Merhaba, sevgili okuyucular.
Yukarıda, Feride'nin ertesi günkü kıyafetini görebilirsiniz.
Güzel okumalar diliyorum :)
Gözümü kırpmaya dahi korkarak gözlerinin içine bakıyordum. Yüzündeki ciddi ifadeyi görmek kalbimin çarpmasına sebep oldu.
"Hayır, olmadı." Hiç sektirmeden verdiği cevapla, yüz ifadesini korumaya devam etti. Sesindeki yoğunluk ve gözlerindeki bakış, aksinin mümkün olamayacağını, doğruyu söylediğini temin eder şekildeydi.
Karan'ın yalan söyleyeceğini sanmıyordum. Sevgili olmadan hemen önce yaşadığımız tatsız olaydan bağımsız olarak, tanıdığım ve gördüğüm kadarıyla dürüst bir adamdı. İçten içe ona inanıyordum. Duruşu ve gözlerinden ise bu dürüstlüğünü bana yansıtabiliyordu. Bu yüzden gözlerinin en içine bakmayı tercih etmiştim. Ayrıca ortada yalan söylemesini gerektirecek bir şey de görmüyordum. Oldu veya olmadı diyecekti. Yine de ister istemez sıkışan kalbime bir rahatlama doldu.
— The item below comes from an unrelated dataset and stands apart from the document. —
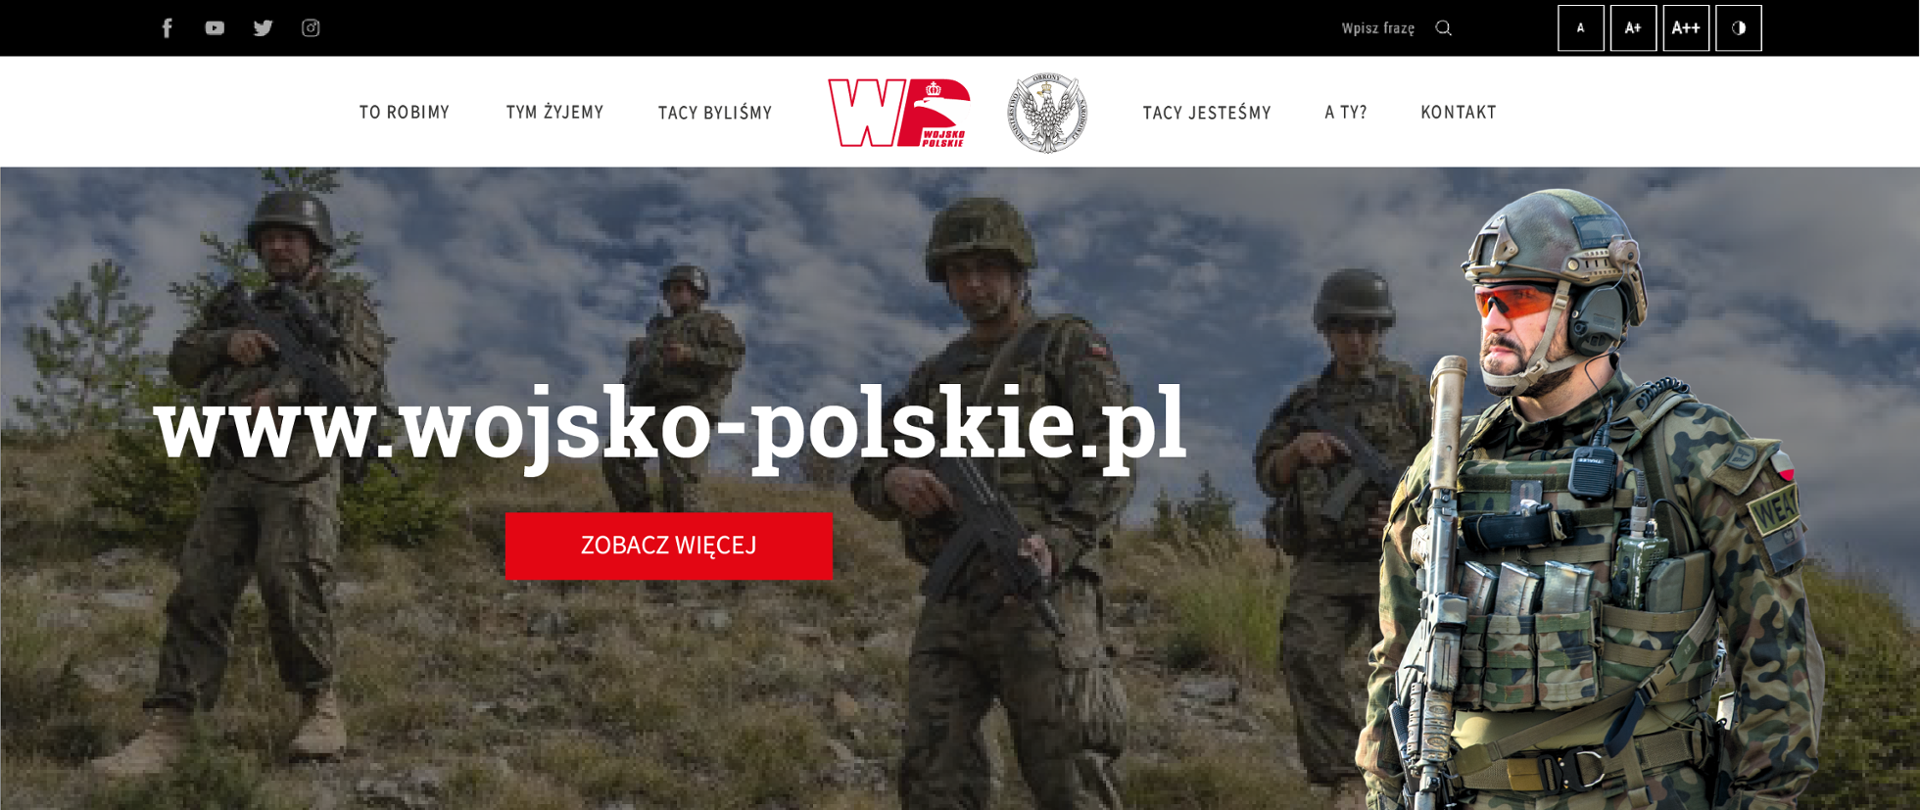 Nowa strona wojsko-polskie.pl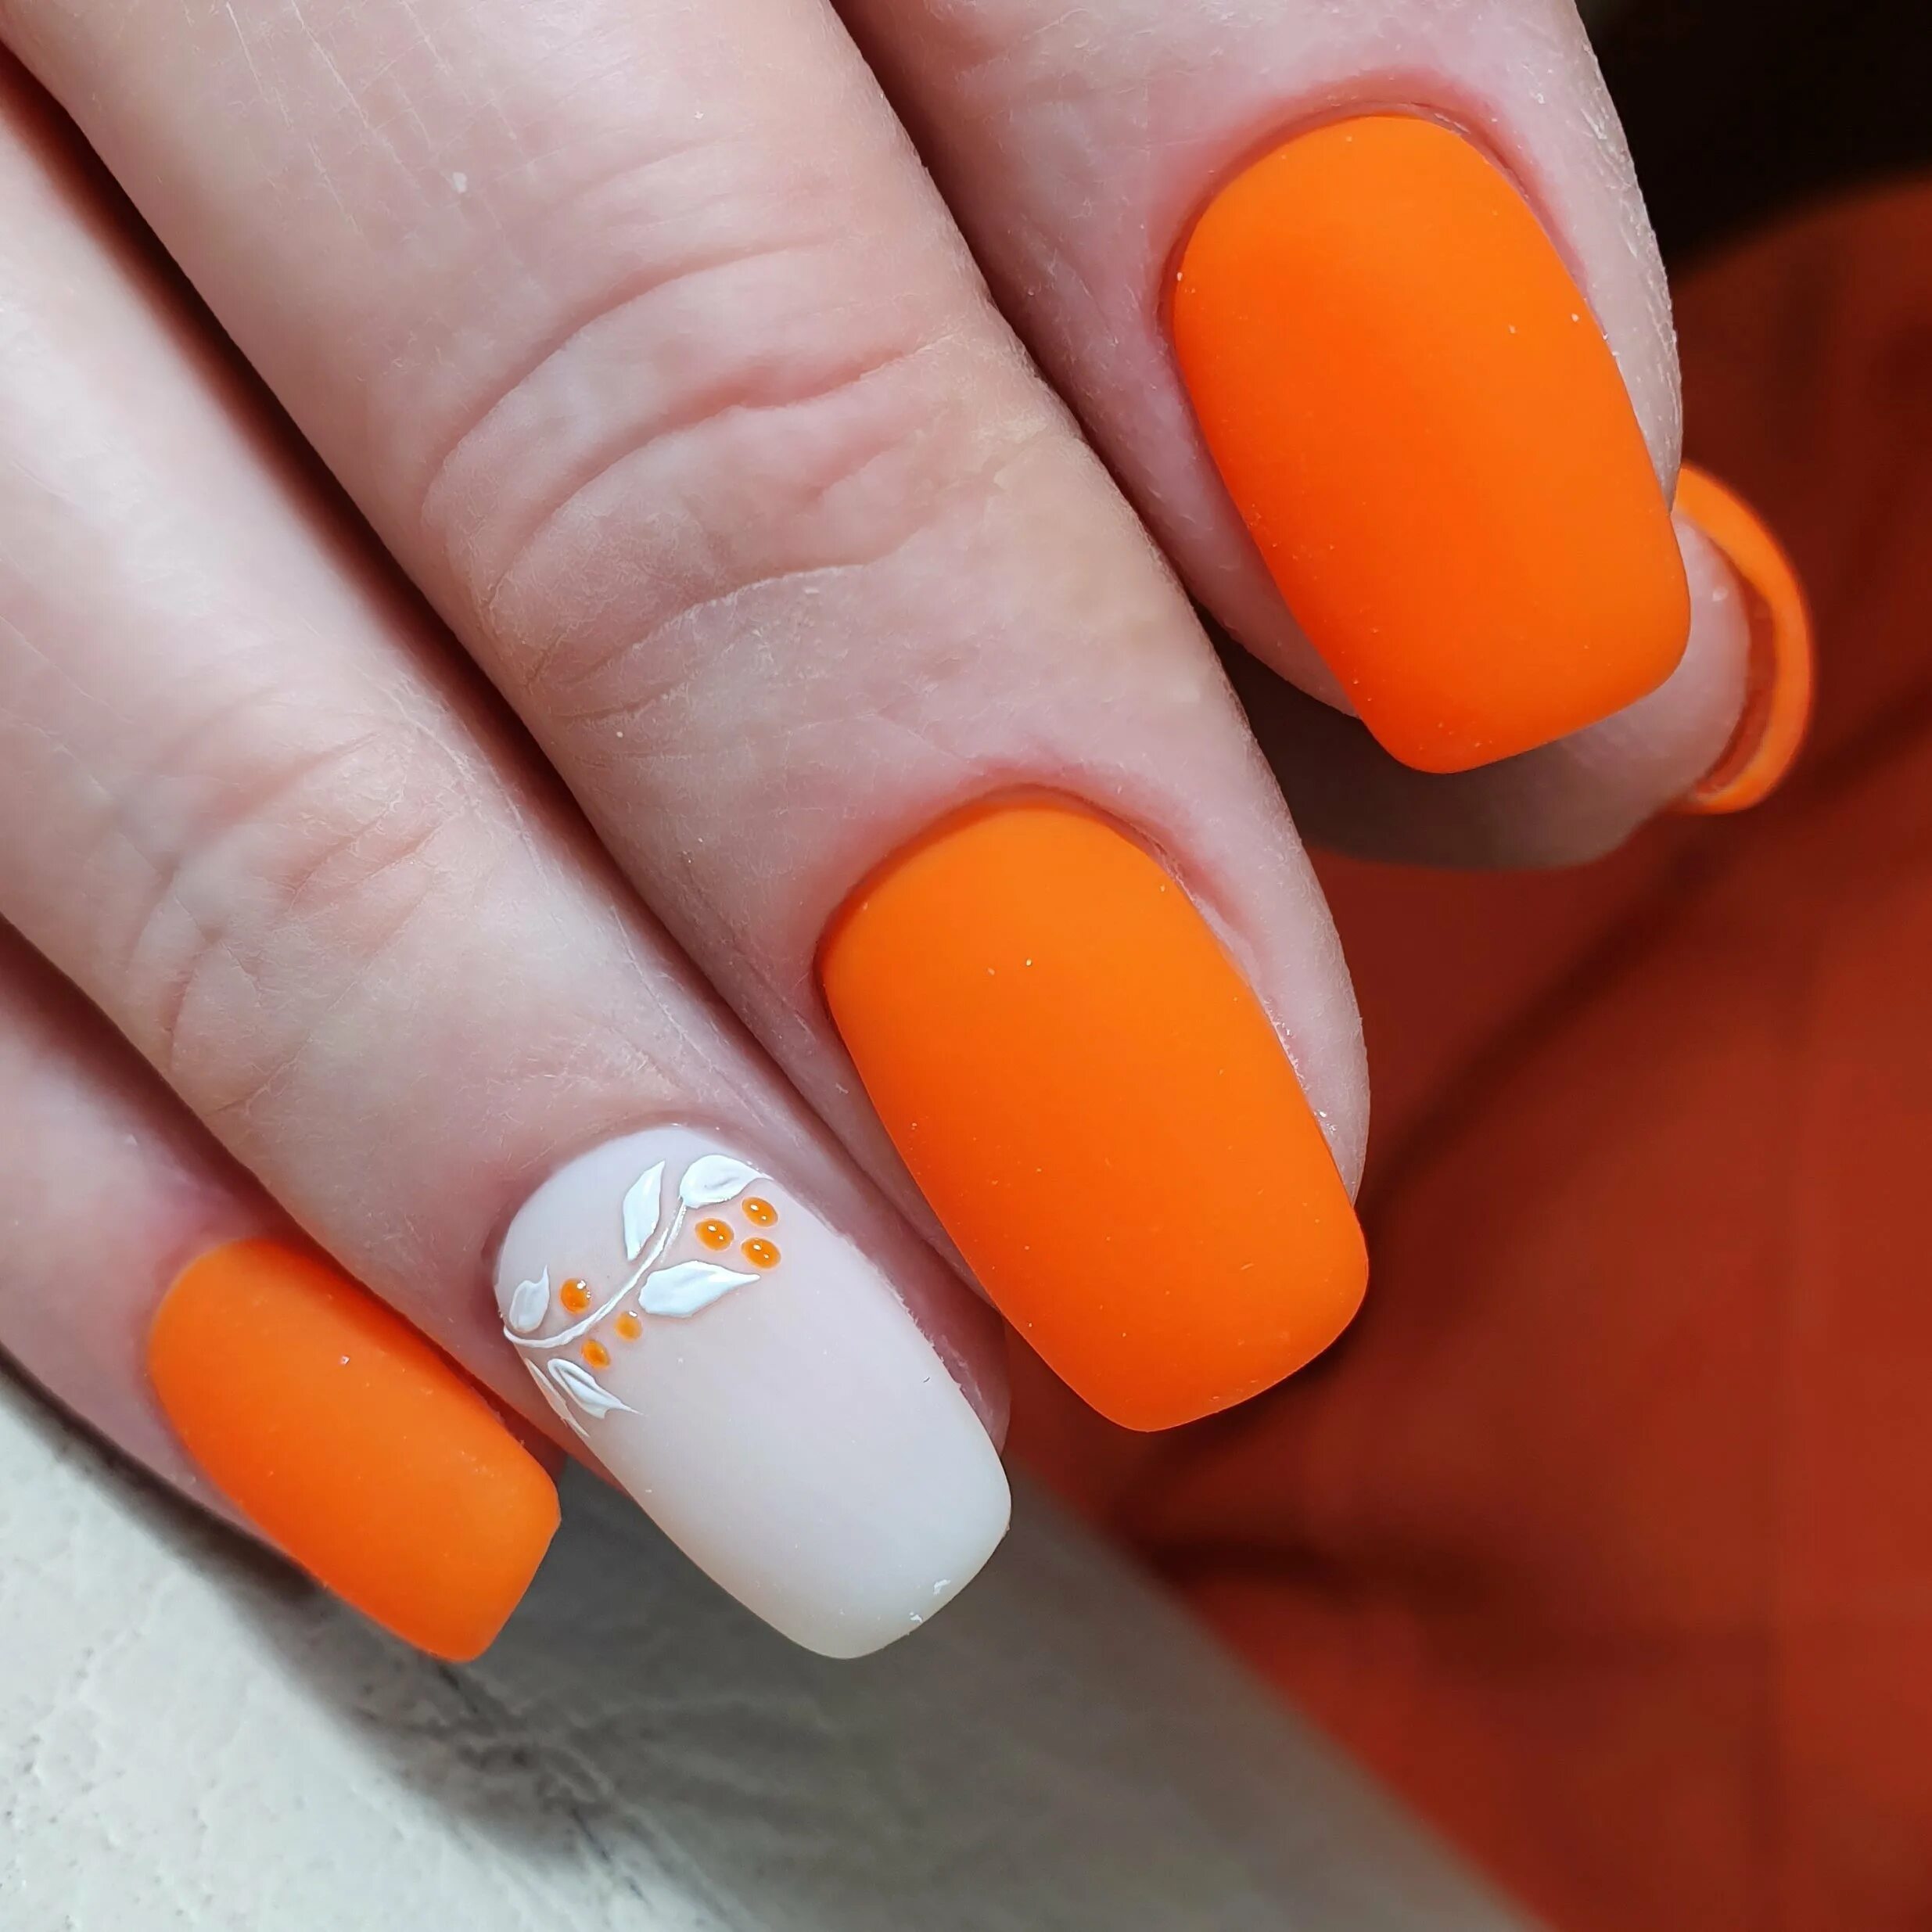 Оранжевый 1 1 20 август 2021. Яркие оранжевые ногти. Яркий оранжевый маникюр. Маникюр с оранжевым цветом. Оранжевые ногти маникюр.

"Anladım." Başımı yavaşça sallayarak mırıldandım. Ayakkabılarıma bakarken derin bir nefes alıp yeniden kafamı kaldırarak ona odaklandım. Bir şey söyleyip söylememe kararsızlığını, benim konuşmaya gireceğimi anlayarak sonlandırdı.
"Yanlış anlaşılmak istemem. Böyle bir şey yaşamış olabilirdin." Saçlarımın dibini kaşıdım. "Genel olarak diyorum yani. Sonuçta hayatında benden önce birileri olmuş olabilir, bu çok normal." Omuzlarımı kaldırarak söylediklerimi destekledim. Bu konuşmayı yaparken gerildiğimi düşünmesin diye kendimi rahat göstermeye çalışırken daha çok geriliyordum ve bu gerginlik benden ona yansıyor gibiydi. "Bunu konuşacak değilim de zaten. Sadece Simge konusunda rahatsız hissettiğini sezdim ve bunun, böyle bir konuyla alakalı mı olduğunu merak ettim."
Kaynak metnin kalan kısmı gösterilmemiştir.